# Let's get Canning!



## JohnT (Jun 12, 2017)

First up for canning season 2017.... 27 jars of strawberry jam. This year was a bumper crop for strawberries with warm days, lots of rain, and cool nights. They honestly never tasted so good.

The bowl is what was left after an entire flat of berries. These were the ones that were just not quite ripe enough.


----------



## Merrywine (Jun 19, 2017)

Wow, looks like you'll be set for a while.


----------



## Bodenski (Jun 19, 2017)

I love homemade strawberry jam. The recipe (if I remember right) is 5 cups of strawberry puree to 7 cups of sugar. With a ratio like that, it's hard to go wrong!


----------



## Julie (Jun 19, 2017)

I don't can my strawberry jam, I freeze it.


----------



## Arne (Jun 19, 2017)

Julie said:


> I don't can my strawberry jam, I freeze it.



Lol, I ferment mine. Sadly, tho, ours froze during flowering time. Guess I'll have to wait til next year. Next are the cherries, but they had a bad time with the cold weather also. The robins are takin them about as fast as they turn a bit red. Only a year away from a decent batch. Arne.


----------



## the_rayway (Jun 20, 2017)

So far we have done a Rhubarb Vanilla With Earl Grey Tea jam and a Rhubarb/Spruce tip/Mint Jelly. Strawberries won't be out until July up here  But I'm in @Julie 's camp - I only do freezer jams with Strawberries: way less sugar, and it tastes like summer in a jar.


----------



## montanaWineGuy (Jun 20, 2017)

Excellent. Before I started making wine, I made lots of different types of Jam. I'll have to discipline myself and make Elderberry jam with some of this years Elderberries.


----------



## JohnT (Jun 20, 2017)

Bodenski said:


> I love homemade strawberry jam. The recipe (if I remember right) is 5 cups of strawberry puree to 7 cups of sugar. With a ratio like that, it's hard to go wrong!



Yup, plus 1 packet of pectin and a squirt of lemon juice.


----------



## Julie (Jun 20, 2017)

And has anyone ever made zucchini relish? I love this stuff!


----------



## the_rayway (Jun 21, 2017)

I made some last year! Considering I'm more of a dill pickle relish lady only - it was pretty good! I also tried a Jalapeno Salsa this year that was dynamite - I finally found that balance between burn your face off/limey-ness/robust flavour.

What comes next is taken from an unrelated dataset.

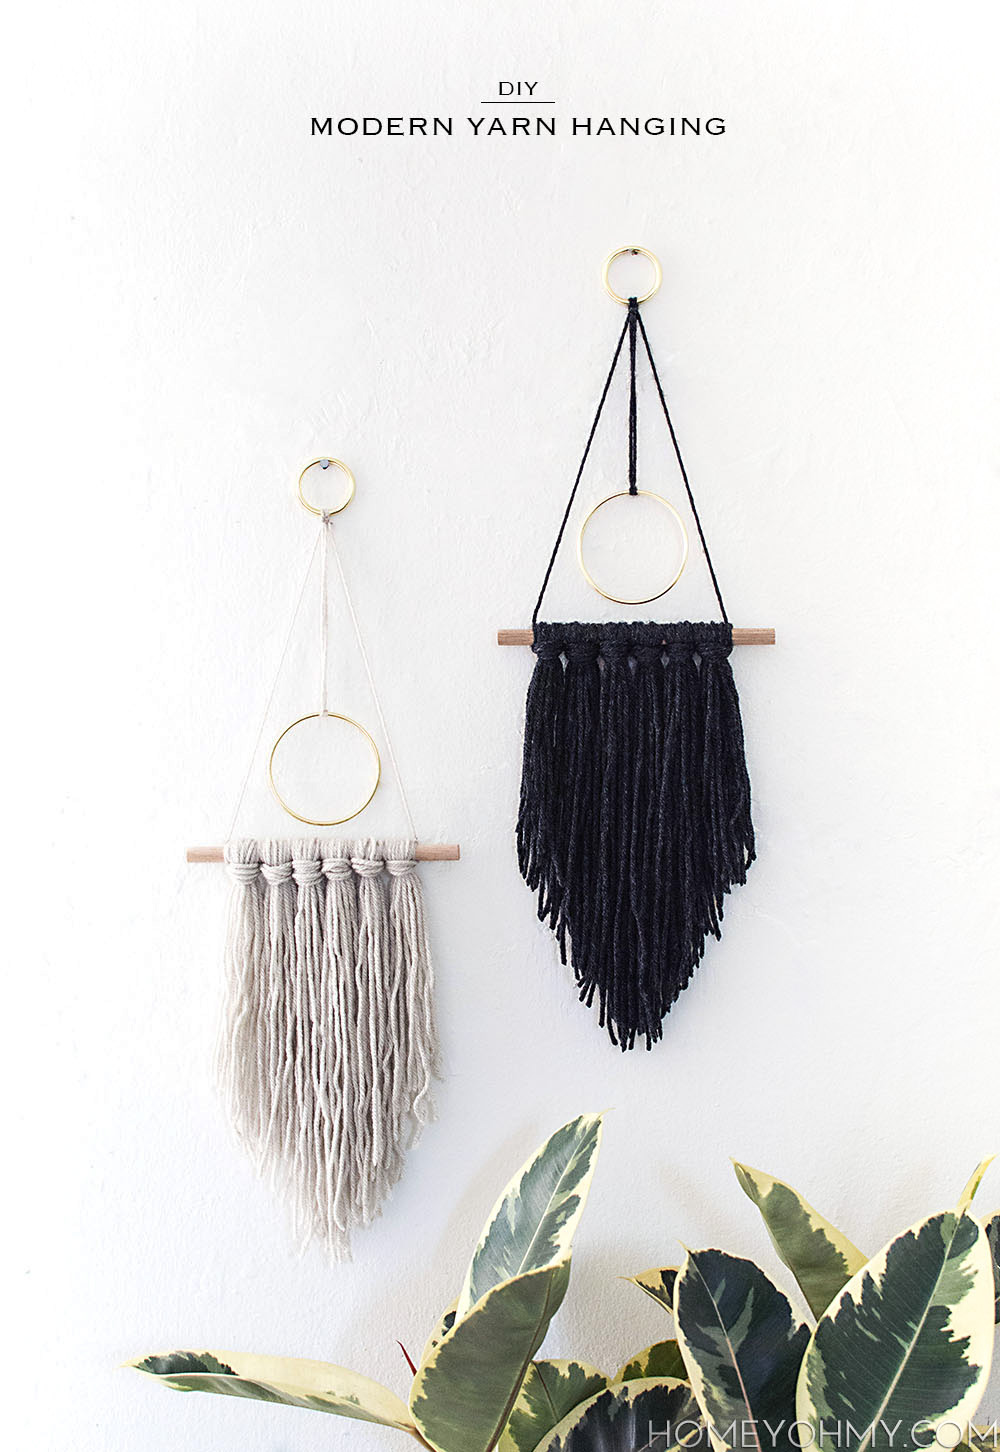 DIY Modern Yarn Hanging - Homey Oh My

I find that when someone makes a request for "____ that my mom/grandma used to make" I'll end up testing a few batches on them until I get it right. Then I put it in the yearly rotation with a note to give them most of the batch. The others usually get distributed to others I think might like them. I'm currently searching a Beet Jelly recipe similar to my Step-Mother-In-Law's. She passed recently, and many of her extended family adored this jelly. We searched her records and couldn't find it...but I'll keep looking! I find it's part of the fun.


----------



## Julie (Aug 14, 2017)

Canning season is really coming along so I figured I would bring this thread back up. So far I have canned bread and butter pickles and dill pickle chips. Also, freezing corn here and there. I talked to this guy about freezing corn. He says he does not blanch his corn. He cuts it off the cob, puts it in a bag and then fills the bag with water, then freezes. He claims the corn is better this way. Does anyone else do this?


----------



## JohnT (Aug 20, 2017)

Just finished off making 28 jars of bread and butter pickles. Then I made a single batch or eight jars of peach jam.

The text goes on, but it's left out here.